JM v. Genesee Intermediate School District

CourtDistrict Court, E.D. Michigan
DecidedSeptember 30, 2025
Docket2:23-cv-12896
StatusUnknown

This text of JM v. Genesee Intermediate School District (JM v. Genesee Intermediate School District) is published on Counsel Stack Legal Research, covering District Court, E.D. Michigan primary law. Counsel Stack provides free access to over 12 million legal documents including statutes, case law, regulations, and constitutions.

Bluebook
JM v. Genesee Intermediate School District, (E.D. Mich. 2025).

Opinion

UNITED STATES DISTRICT COURT EASTERN DISTRICT OF MICHIGAN SOUTHERN DIVISION J.M. o/b/o S.M.T.,

Plaintiff, Case No. 23-12896 Honorable Laurie J. Michelson v.
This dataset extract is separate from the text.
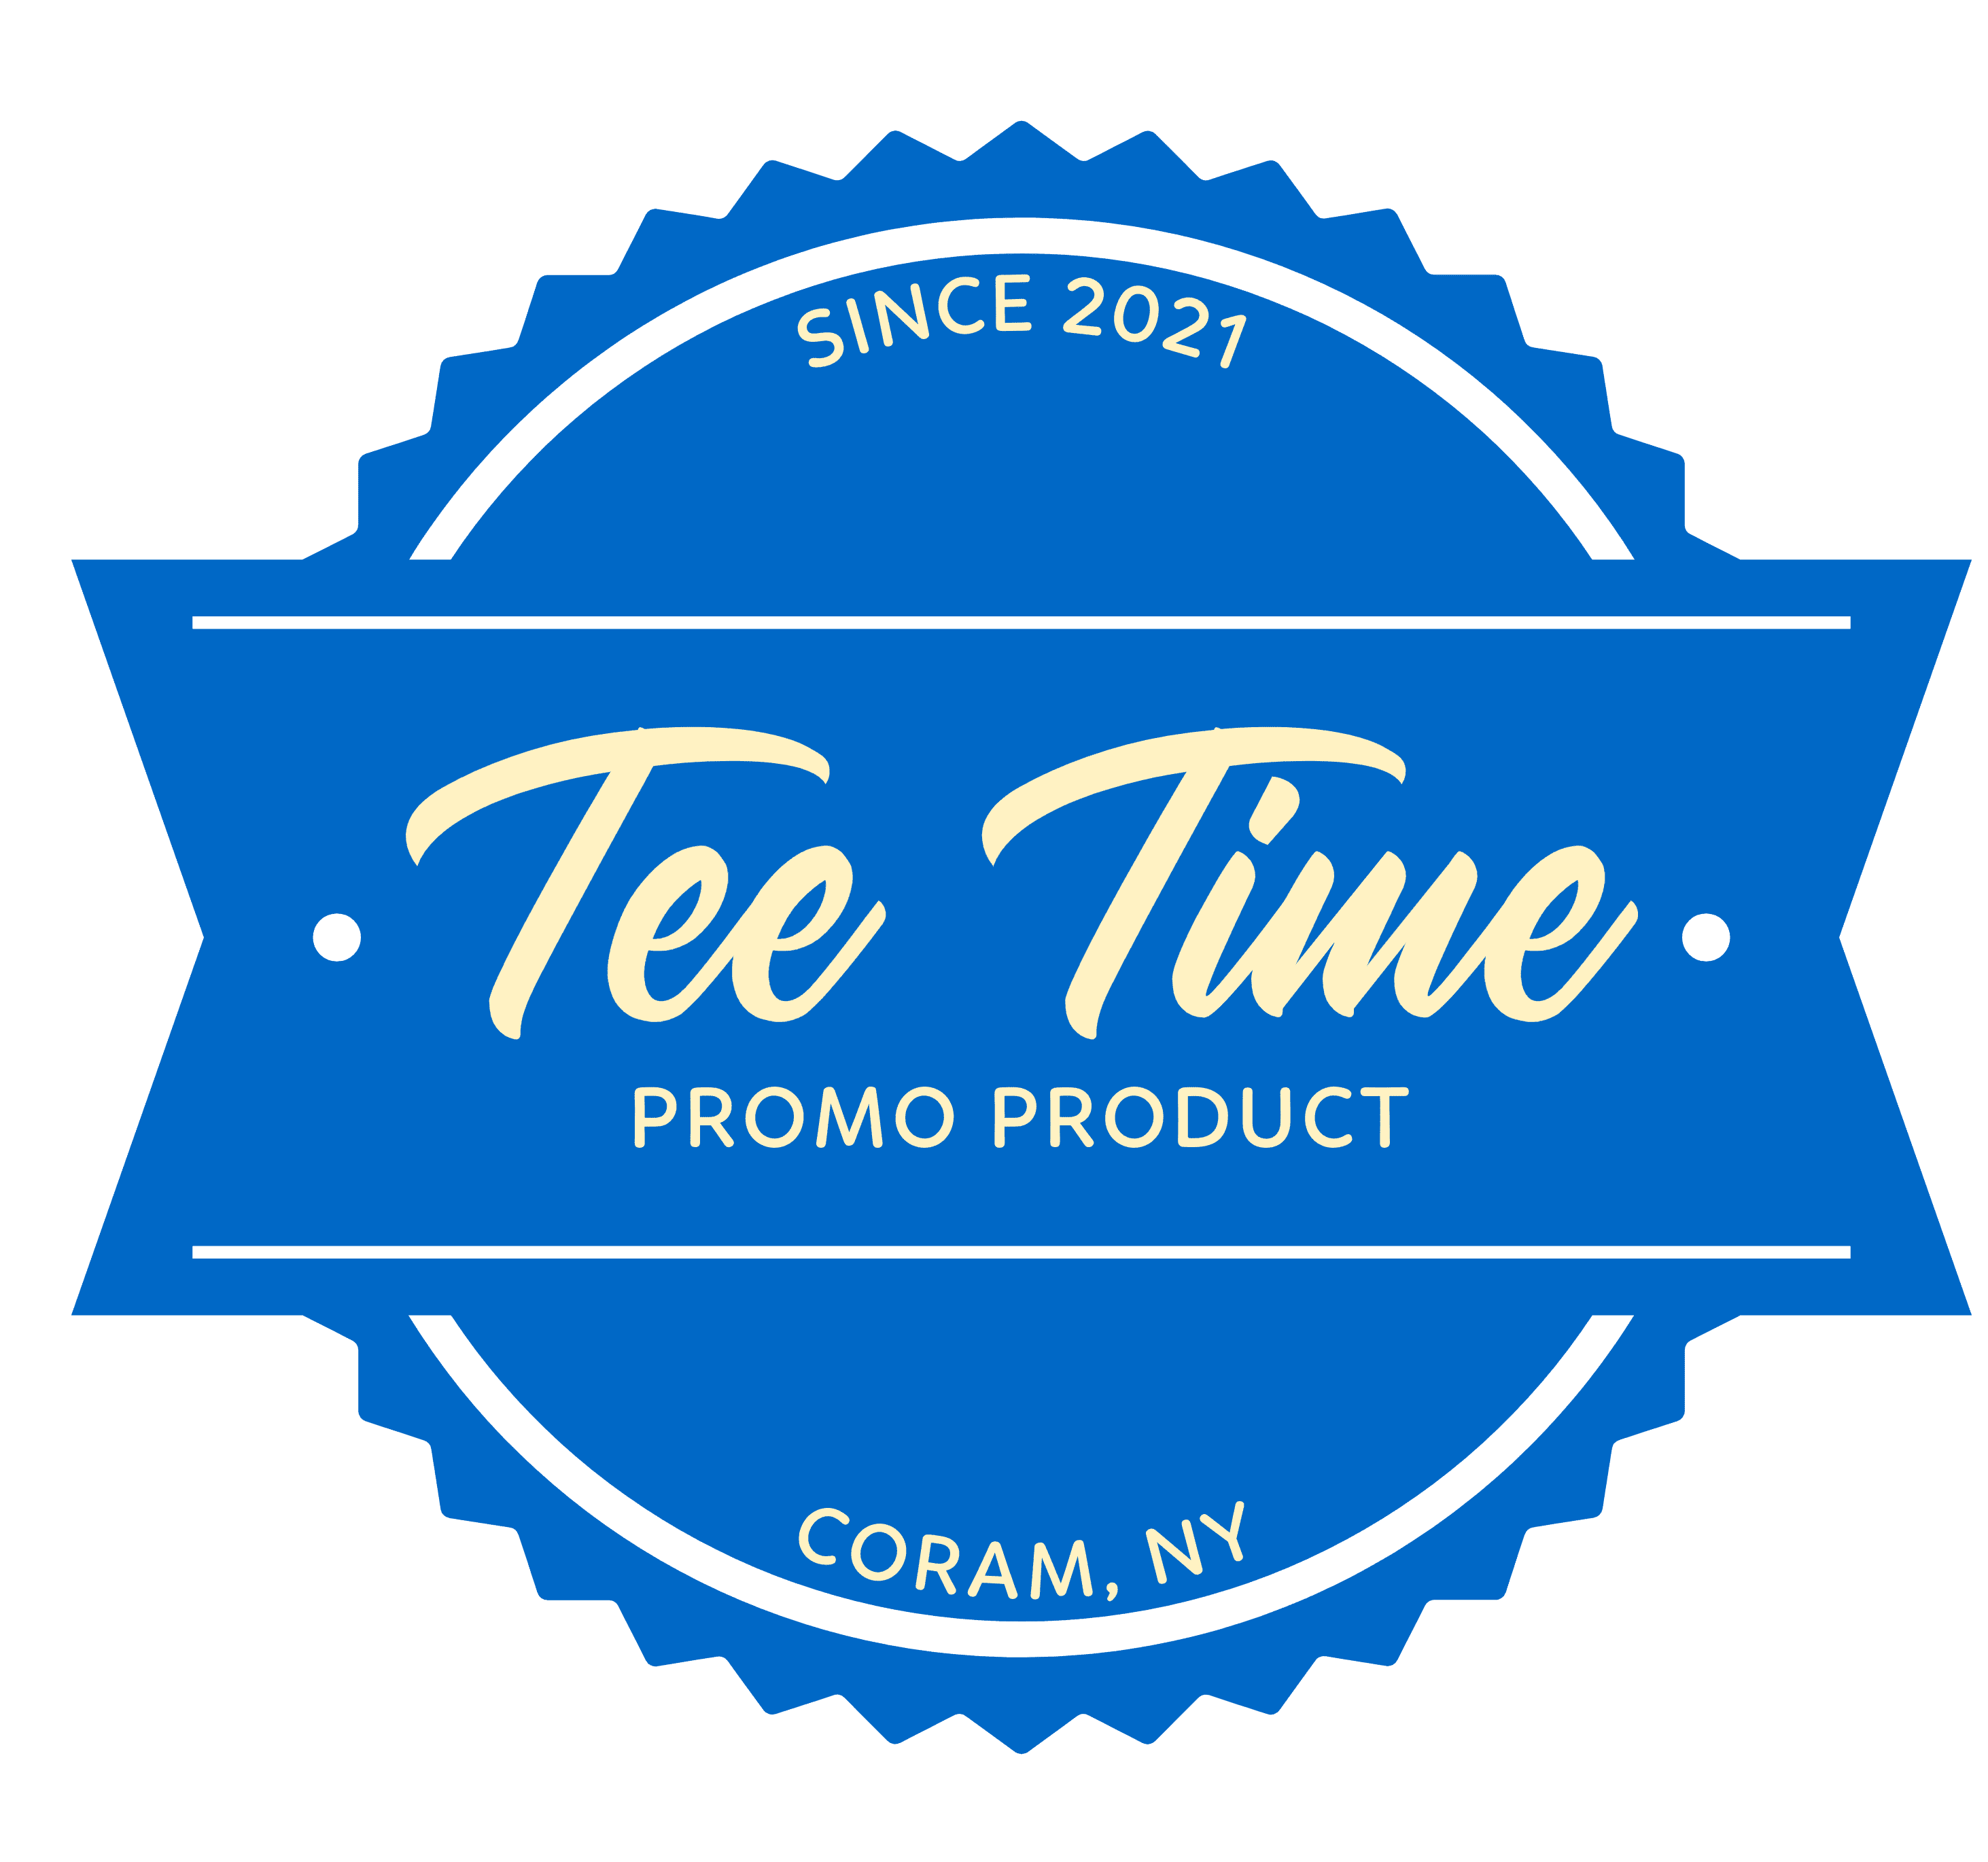 Tee Time Promo

GENESEE INTERMEDIATE SCHOOL DISTRICT and FLUSHING COMMUNITY SCHOOLS,

Defendants.

OPINION AND ORDER GRANTING DEFENDANTS’ MOTION FOR SUMMARY JUDGMENT [21] AND DENYING PLAINTIFF’S MOTION FOR SUMMARY JUDGMENT [23] Plaintiff J.M. on behalf of her autistic minor son S.M.T. alleges that Genesee Intermediate School District and Flushing Community Schools violated the Individuals with Disabilities Education Act by refusing to change his educational placement from Elmer Knopf Learning Center to a residential setting. The Court concludes, like the administrative law judge below, that Defendants did not violate the IDEA—specifically, that Elmer Knopf is an appropriate placement for S.M.T. under the Act, while a residential setting is not. The Court thus grants Defendants’ motion for summary judgment (ECF No. 21) and denies Plaintiff’s (ECF No. 23).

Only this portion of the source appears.